The dead man, empowered by nekromantic vigor, had shattered the door and rushed across the room as Caenith might. A hooded figure, whose wisps of brown hair and frowning face identified her as Mouse, peeked into the room while hanging off the splintered remains of the entrance. She slipped in as Vortigern extracted the weapon in his neck and calmly examined the scenario, from the body to the unmasked servant of the Broker.

“I see that you weren’t in need of rescue,” said Mouse. “You certainly know how to charm a man. Impressive.”

“I am grateful that you came,” Morigan said. She hadn’t expected to see Mouse again.

Kings know I’m not going to drop a woman who can poke about in people’s heads and convince them to do any sort of madness. What a dear friend you are, Morigan. At least until Menos is behind us
. “I promised you that we would part ways once we were out of this,” said Mouse. “And we’re not out yet. I have a safe house, with money and papers. We should head there before we try our luck at escaping the Iron Wall.”

Kanatuk stood. “We must move quickly before the avenues I know are closed to us.”

Vortigern cleared his throat. “Can he be trusted?”
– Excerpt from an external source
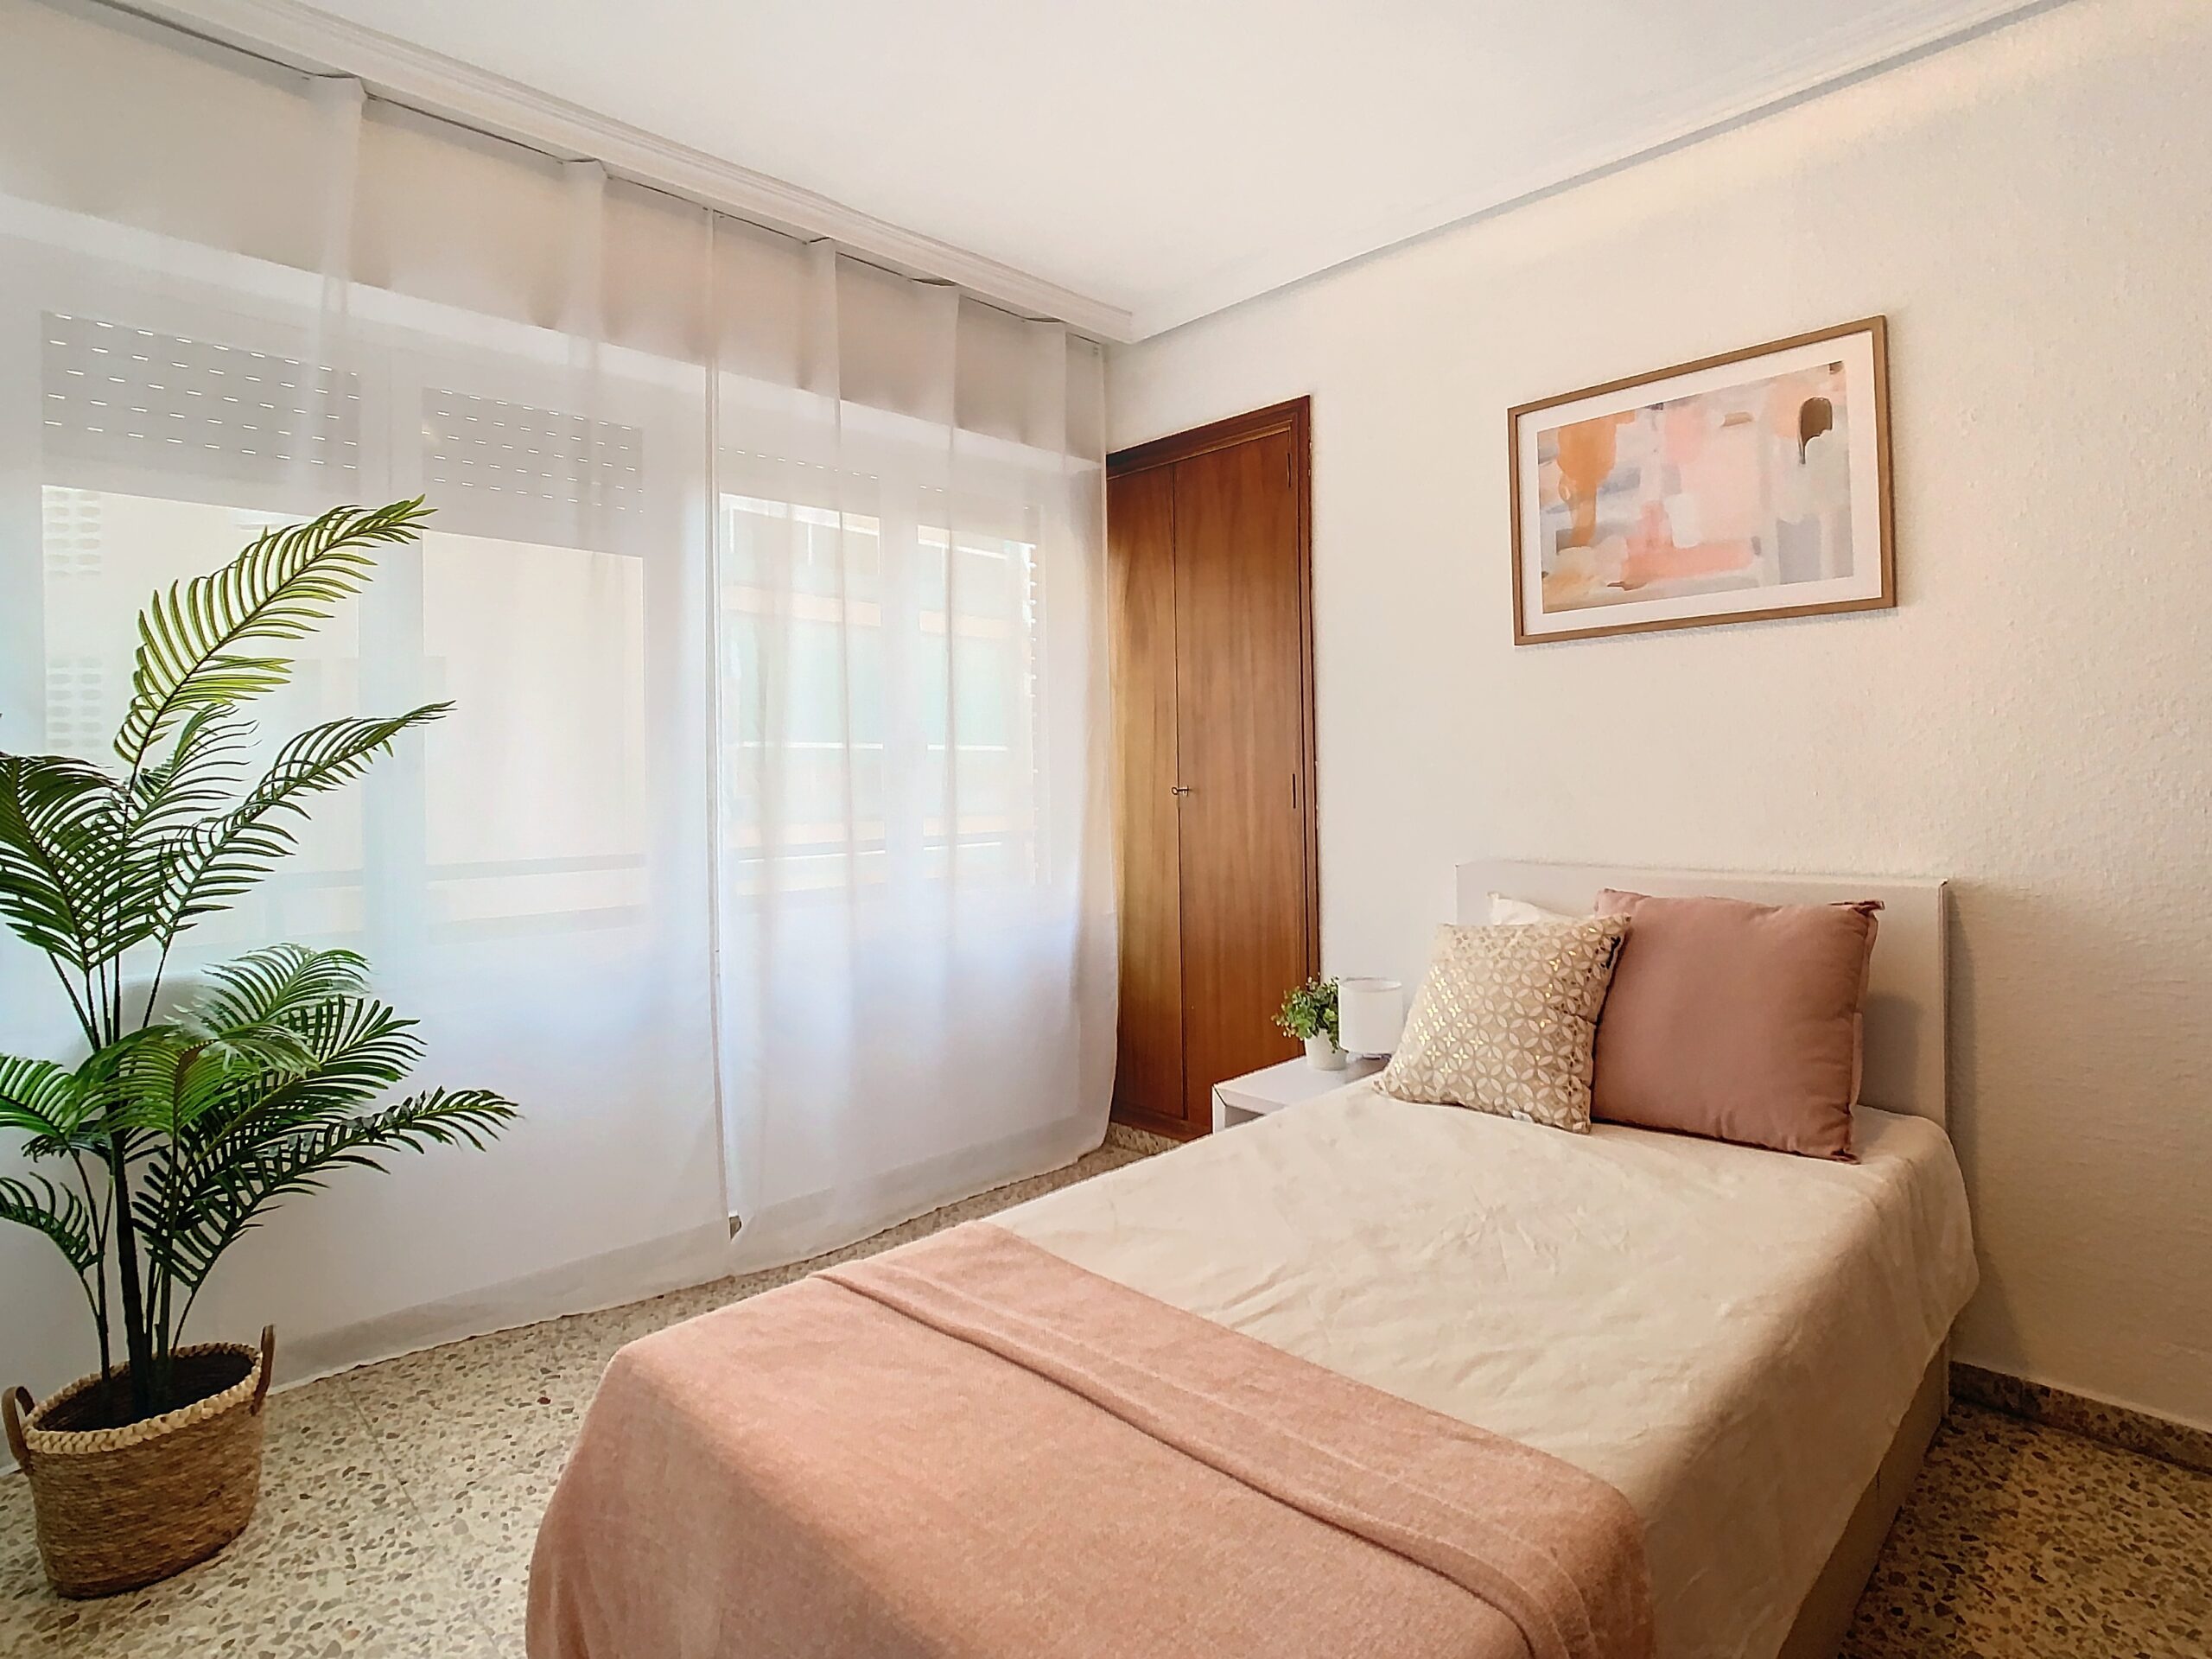 Home Staging Casamayor en habitación de vivienda Alicante

“Yes, as much as you,” declared Morigan.

The two men eyed each other uneasily, and Vortigern cautiously handed Kanatuk back his weapon. Vortigern guided them down servants’ passages and across dusty wings. Admittedly, Morigan had not spent much time with the dead man, yet she felt qualified enough to say that he was different, closer to the noble master she had known in her visions and not a specter without a past. Not a soul among them dared speak, for it was inevitable that they would be discovered as missing, and the slightest whisper might betray them. Sorren’s neglect of his estate aided in their stealth, for much of the manor was untended and cobwebbed, ruled by spiders and faded memories. A mirror of this past caught Morigan as they raced down an abandoned corridor: a picture of Lenora—or Mouse wearing a curled wig—lay amid covered furniture. The image was torn as if in angry passion, and Morigan knew by whom. Seeing the painting raised questions about their current flight. Since they could not speak, she sent her bees into Mouse’s head.